- Directed by: Roger S. Omeus Jr.
- Written by: Roger S. Omeus Jr.
- Starring: RayMartell Moore J'Nara Corbin Derrick L. Briggs Eugene Turner Maurice Murrell Ron DeSuze
- Distributed by: TLA Releasing
- Release date: March 3, 2009;
- Running time: 115 minutes
- Country: United States
- Language: English

= Finding Me =

Finding Me is a 2009 drama film directed by Roger S. Omeus Jr. The film was released on March 3, 2009, and stars RayMartell Moore as Faybien Allen, a young gay man who must navigate through a series of complex relationships while dealing with everyday struggles.

==Plot==
Faybien Allen is a young gay man of Haitian descent living in Jersey City. Lacking direction in his life, Faybien constantly questions his aspirations as he is not quite sure who he is. Still living at home with his overbearing, homophobic father and grieving the loss of his mother, his self-esteem begins to sink as he works at a dead end job and misses an important job interview. Faybien finds love and support through his friends, Greg Marsh and Amera Jones. Greg, a free-spirited bisexual and an amazing sous chef, is Faybien's best friend. He serves as a voice of reason to Faybien, always telling it like it is through his self-confidence. Amera is an outspoken, aspiring singer with a big heart. She and Greg are polar opposites and bicker as if they were a married couple but both are always there for Faybien in time of need. When Faybien is overwhelmed by the temperament of his father, he finds himself staying with Greg on numerous occasions.

Adding fuel to the trio's mix, Greg introduces Faybien and Amera to his new roommate, Jay Timber. Jay comes off as a man of mystery at first with his warm personality but his shady past becomes present when he solicits sex in the apartment behind his roommate's back. Jay delights in causing extreme amounts of trouble and is a self-declared "bitch".

Amidst his self-loathing and desperation, Faybien has a chance encounter with Lonnie Wilson, a young political activist and businessman. Unlike Faybien, Lonnie is openly gay and confident. He shows a strong interest in pursuing Faybien. Faybien's insecurities hinder him from wanting to establish a mutual connection with Lonnie. Lonnie continues to make several attempts at helping Faybien to overcome his fears in accepting the man that he knows he can be.

Over time, Faybien does his best to smooth his relationship with his father while simultaneously entering into a relationship with flirty Lonnie.
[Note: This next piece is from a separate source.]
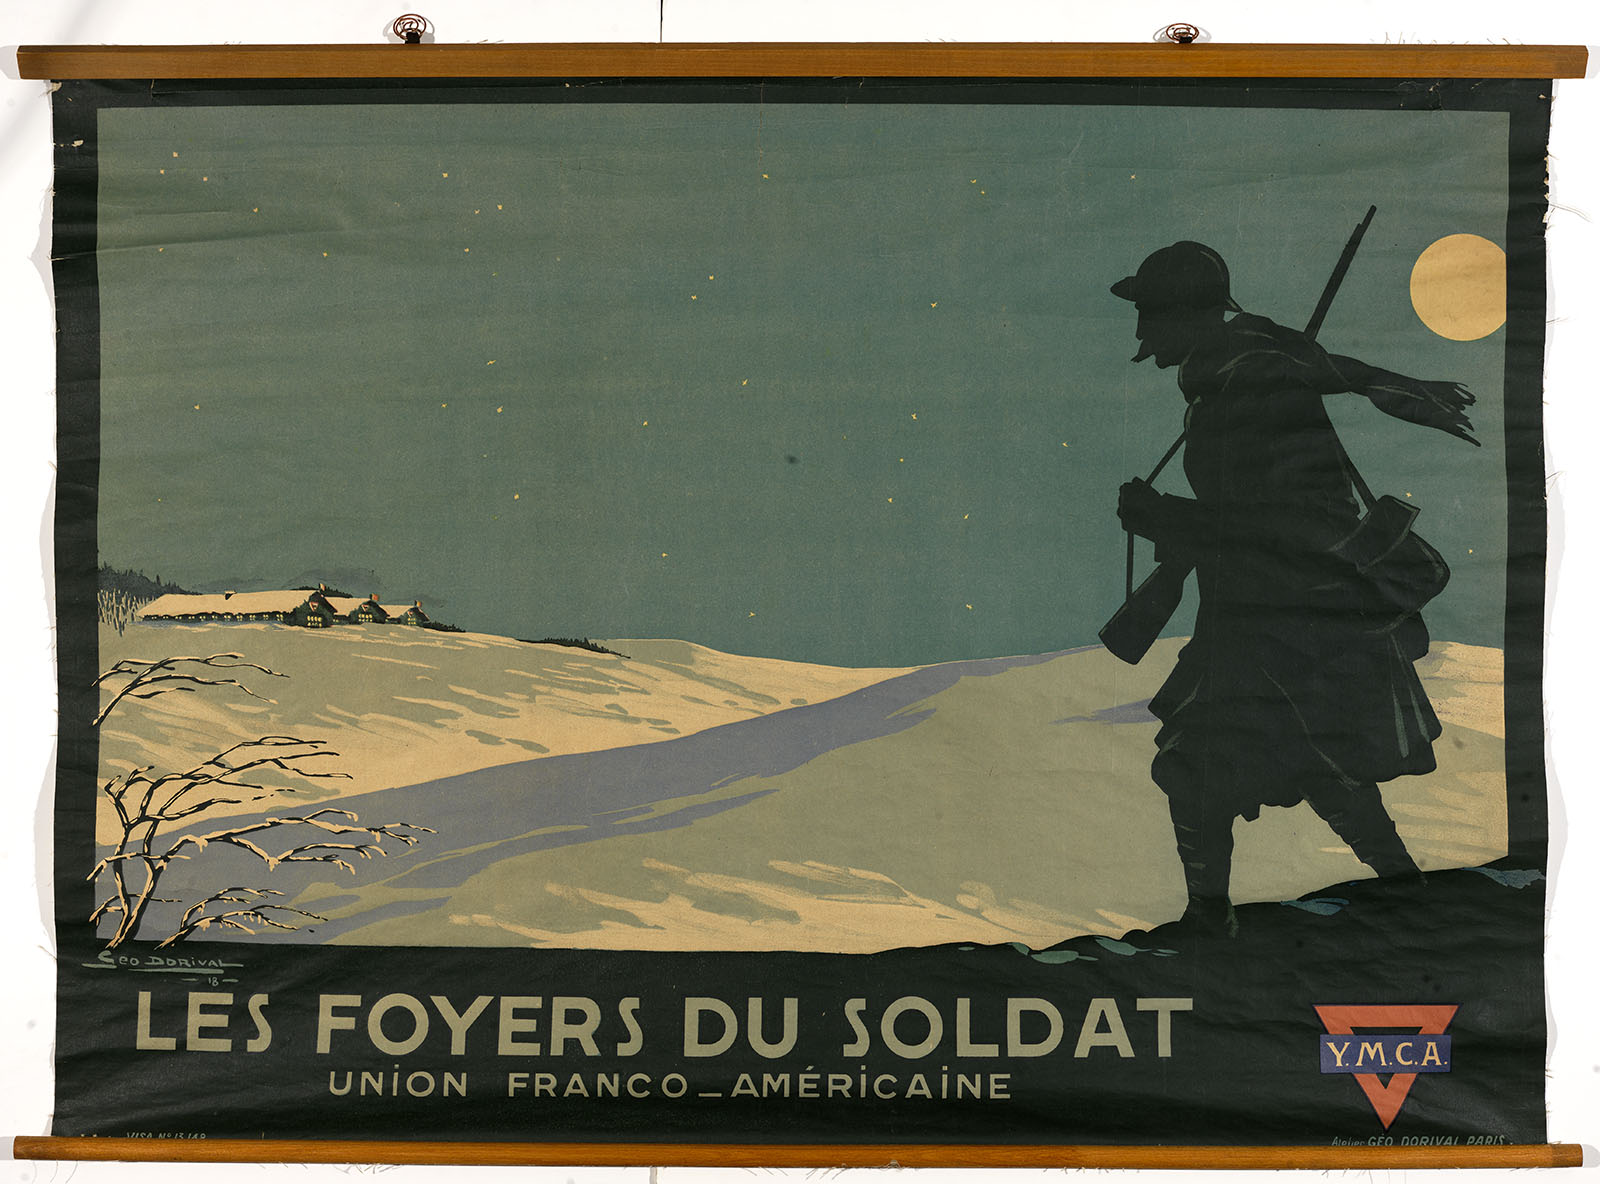 Géo. Dorival, Les Foyers du Soldat- Union Franco-Américaine. Y.M.C.A. (Paris, 1918). Color lithograph. Gift of Mrs. Franklin S. Edmonds.

But Faybien ultimately decides that his sure of what he wants, ending their budding relationship.

==Cast==
- RayMartell Moore as Faybien Allen
- Derrick L. Briggs as Lonnie Wilson
- J'Nara Corbin as Amera Jones
- Eugene E. Turner as Greg Marsh
- Maurice Murrell as Jaylen 'Jay' Timber
- Ron DeSuze as Faybien's father

==Production==
Omeus was inspired to create the film and its followups after viewing gay-themed media such as Noah’s Arc and Punks. He also found inspiration from other media such as Degrassi High, as he felt that the series was not as Americanized as other television series. The movie was filmed on a limited budget, which Omeus found to be a challenge because it necessitated that he perform in roles other than the director and also limited filming to weekends. While filming Omeus tried to capture the "core that the black community seems to have against homosexuality", which he described as "unnerving" and "frightening".

==Other media==
The film has had several continuations. In 2011 Omeus released Finding Me: Truth, a sequel to the original film. The movie continues to follow Faybien, who has since left his dead end job at the mall, while his friends Amera and Greg have experienced changes in their lives as well.

The following year Omeus began a webseries entitled Finding Me: The Series, which also features the characters of Faybien and Greg. Actress J'Nara Corbin, who starred as Amera in the films, did not return for her role in the webseries. Omeus pitched the series to Logo TV and BET, but did not receive a reply.